I’ve had two days of classes, and so far it’s not been as terrible as they tell us. The Socratic method may be a bit frightening, especially when a case has been confusing, but if you at least try to know what you are talking about and read the cases it’s not as scary as it is portrayed. I’m pretty sure I like torts and property best so far; torts because the cases are interesting and property because of the way it is taught. It is hard work, and it is tiring. Already I get bogged down in my massive work load and it’s hard to stay focused on the task at hand. It’s harder than I expected in some ways, and easier in others. I’m not having too much trouble understanding the actual concepts, but at times it’s hard to keep plowing through 10 cases or more a night plus other readings. I am not giving up; I will do this.
It’s sort of lonely up here. I live alone, and I don’t know anyone. There is no one here who knows me; I mean really knows me. I feel sort of lost in enemy territory because there are few Southern accents and way too many city people around me. I feel out of sorts, as though I don’t belong here. By here I mean L-ville, not law school. I miss Wash a lot more than I probably should, but to be honest, he is one of a very few people who is allowed to truly know me. I’m terrified of losing myself, the essential Zoe, in all the stress and pressure and work.
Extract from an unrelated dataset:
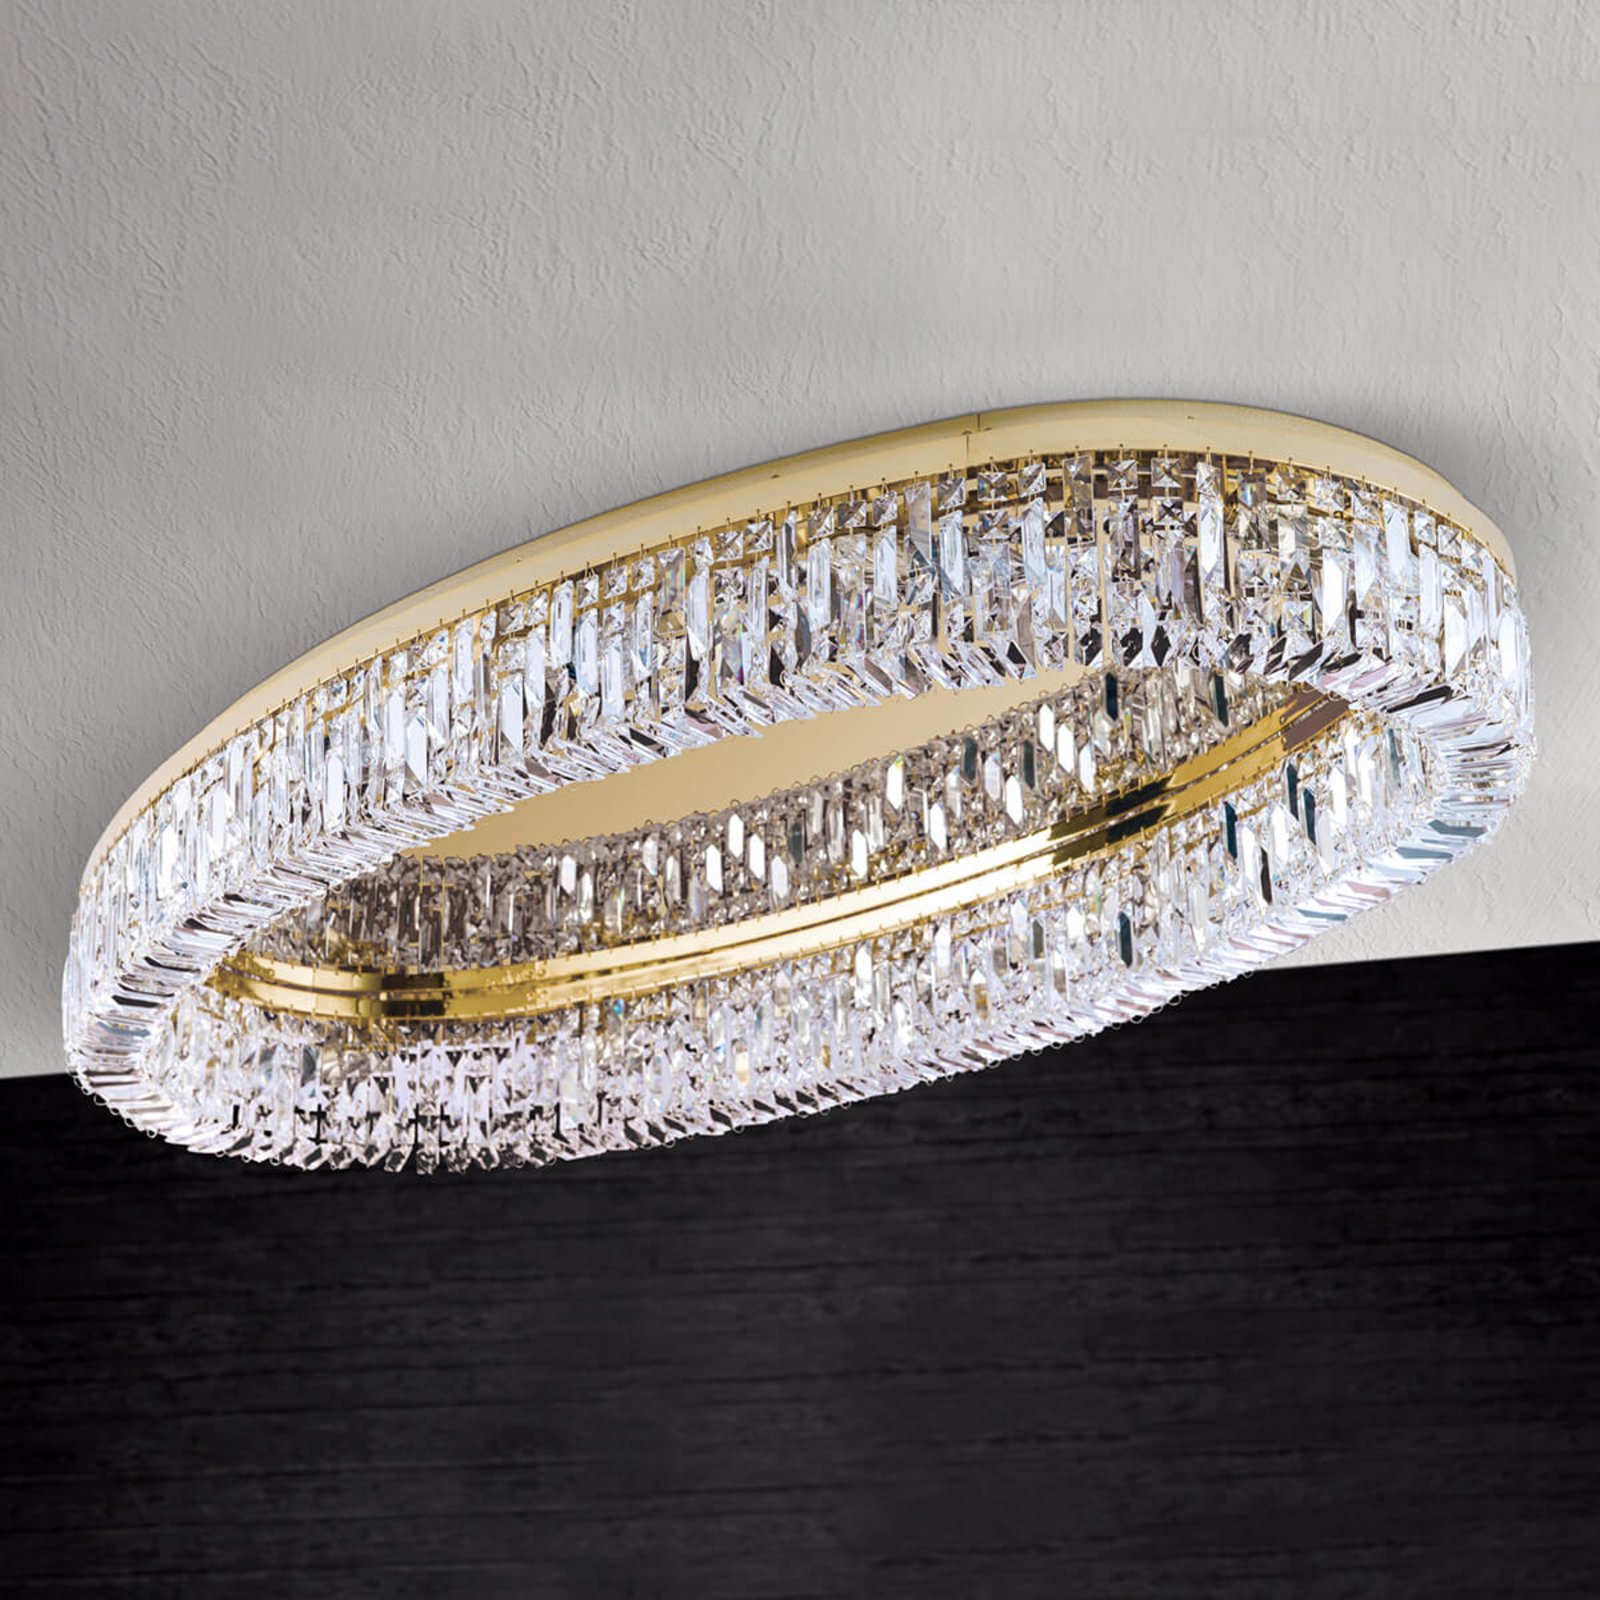 Ovale premium plafondlamp Ring met kristallen

I have no one here, physically, who knows that essential part of me and who can remind me of who I am. I’m really jealous of the people who are already making great friends because I can’t seem to do that without feeling like I seem awkward and dumb, which is odd because I’m 22 and usually don’t have that problem. I normally just mesh somewhere, and I am not meshing well. I am also rather envious of those who have friends or significant others up here. There are moments when I would do anything to curl up in Wash’s arms and stop thinking law school and property law and contracts and civil procedure.
Law school is not all bad though. I’m enjoying the challenge, though tiresome, and I enjoy learning the things I’m learning. There is also a sense of accomplishment when I finish briefing a case and understand it completely. I love that I am one step closer to my future and my career, even if this is a difficult step.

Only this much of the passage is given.